### Requirement:
Without the pictures, repeat all of the data exactly as it appears below.

### Material provided:
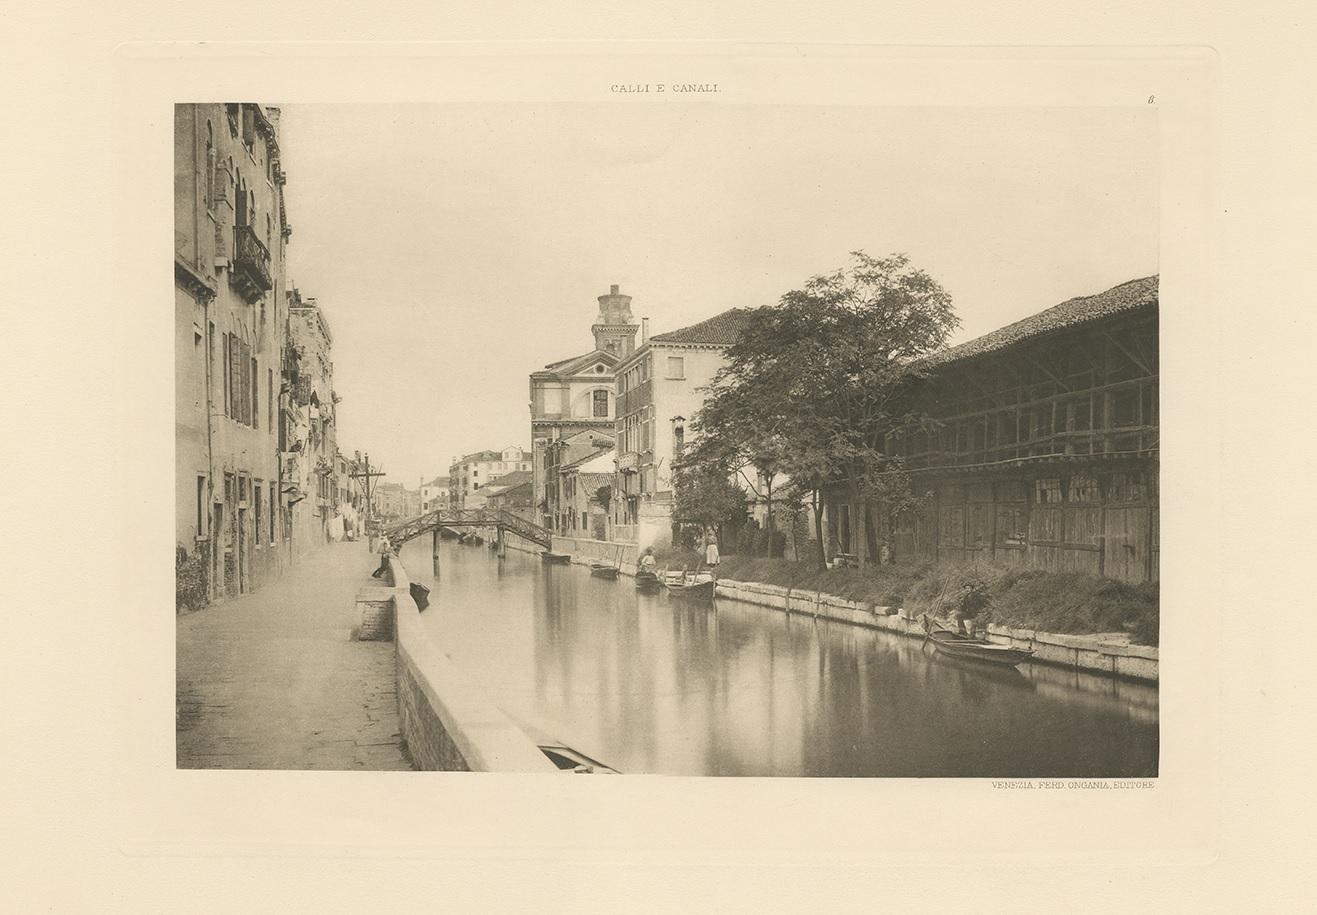 Photogravure of Rio di S. Girolamo in Venice, Italy. The ancient 'chiovere' and the church of the Saint can be seen to the right. The chiovere were sheds, used for distending and drying the woollen cloths manufactured in Venice. 

This print
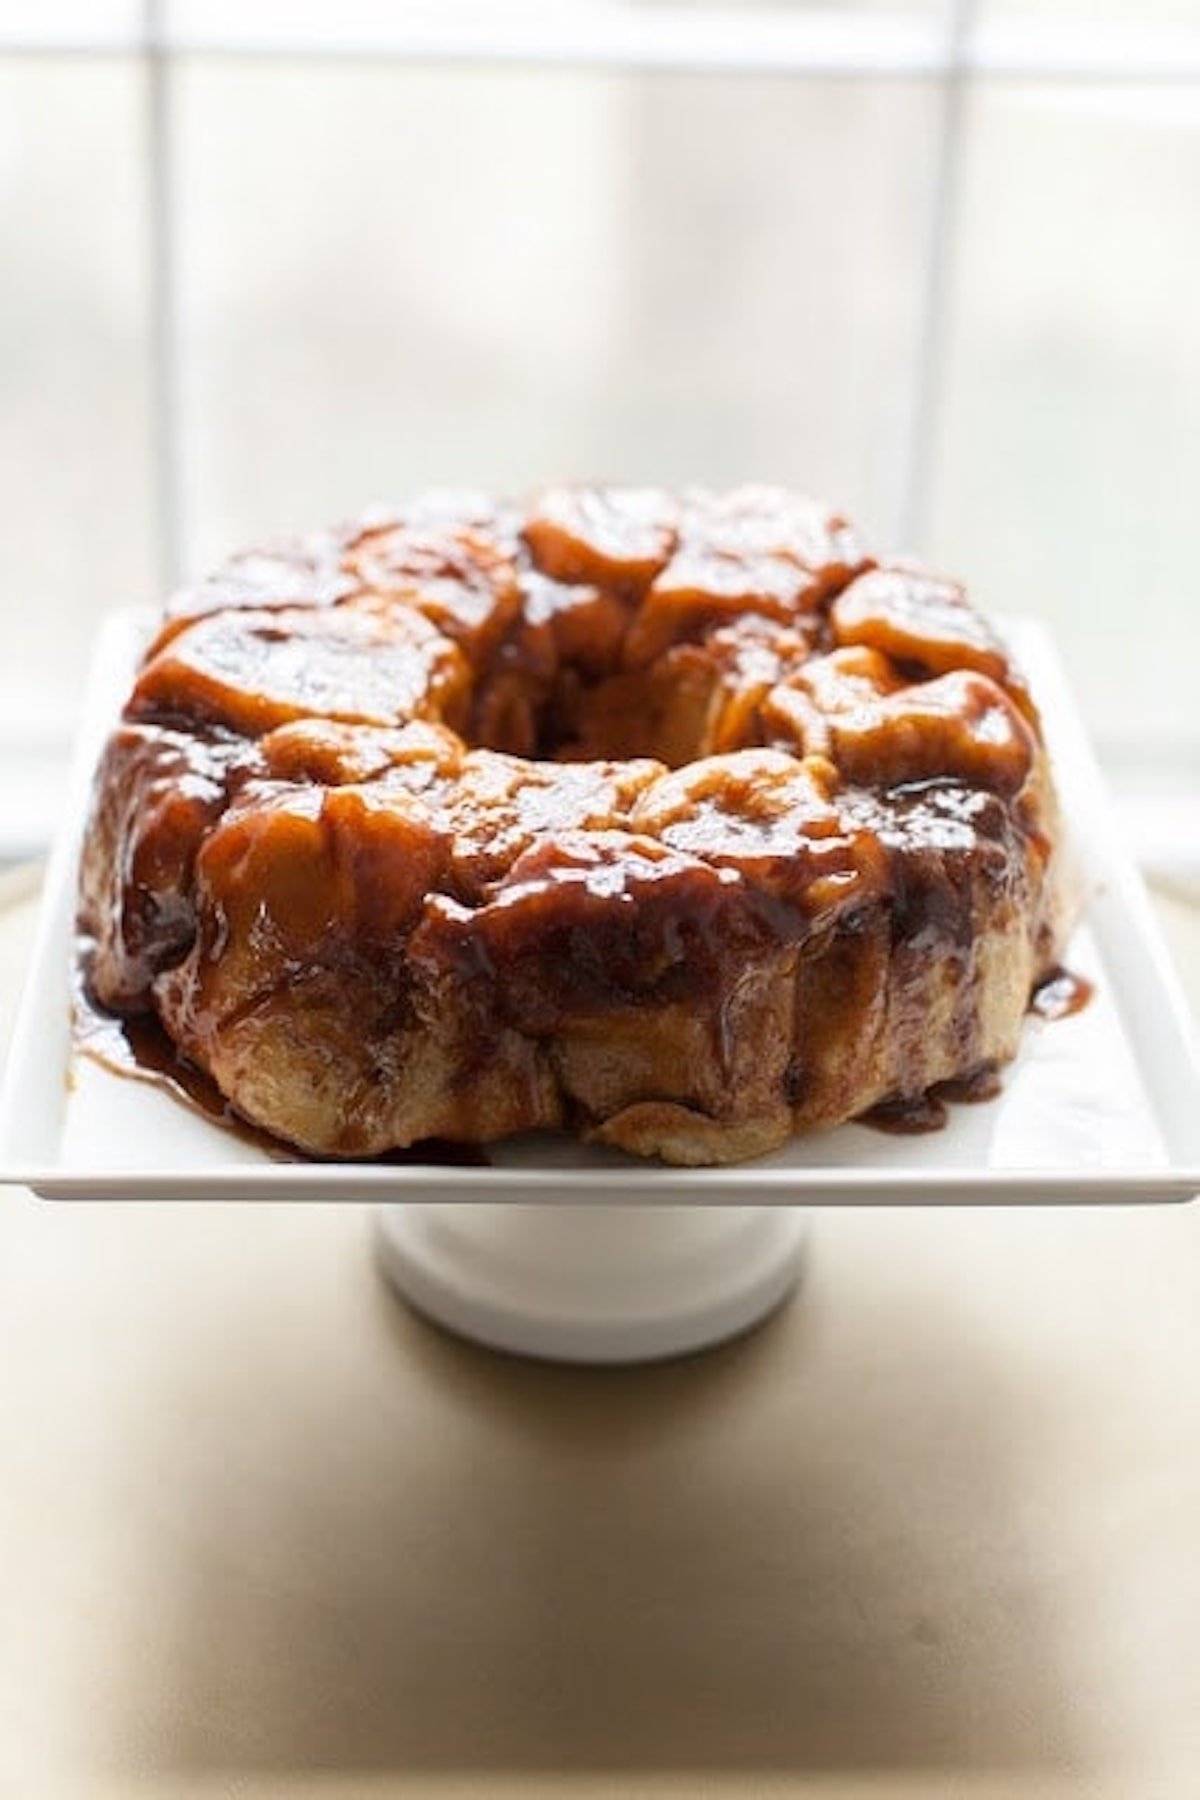 A caramel-glazed overnight monkey bread sits on a white square cake stand in front of a blurred window.

### Final answer:
 Photogravure of Rio di S. Girolamo in Venice, Italy. The ancient 'chiovere' and the church of the Saint can be seen to the right. The chiovere were sheds, used for distending and drying the woollen cloths manufactured in Venice. 

This print
 A caramel-glazed overnight monkey bread sits on a white square cake stand in front of a blurred window.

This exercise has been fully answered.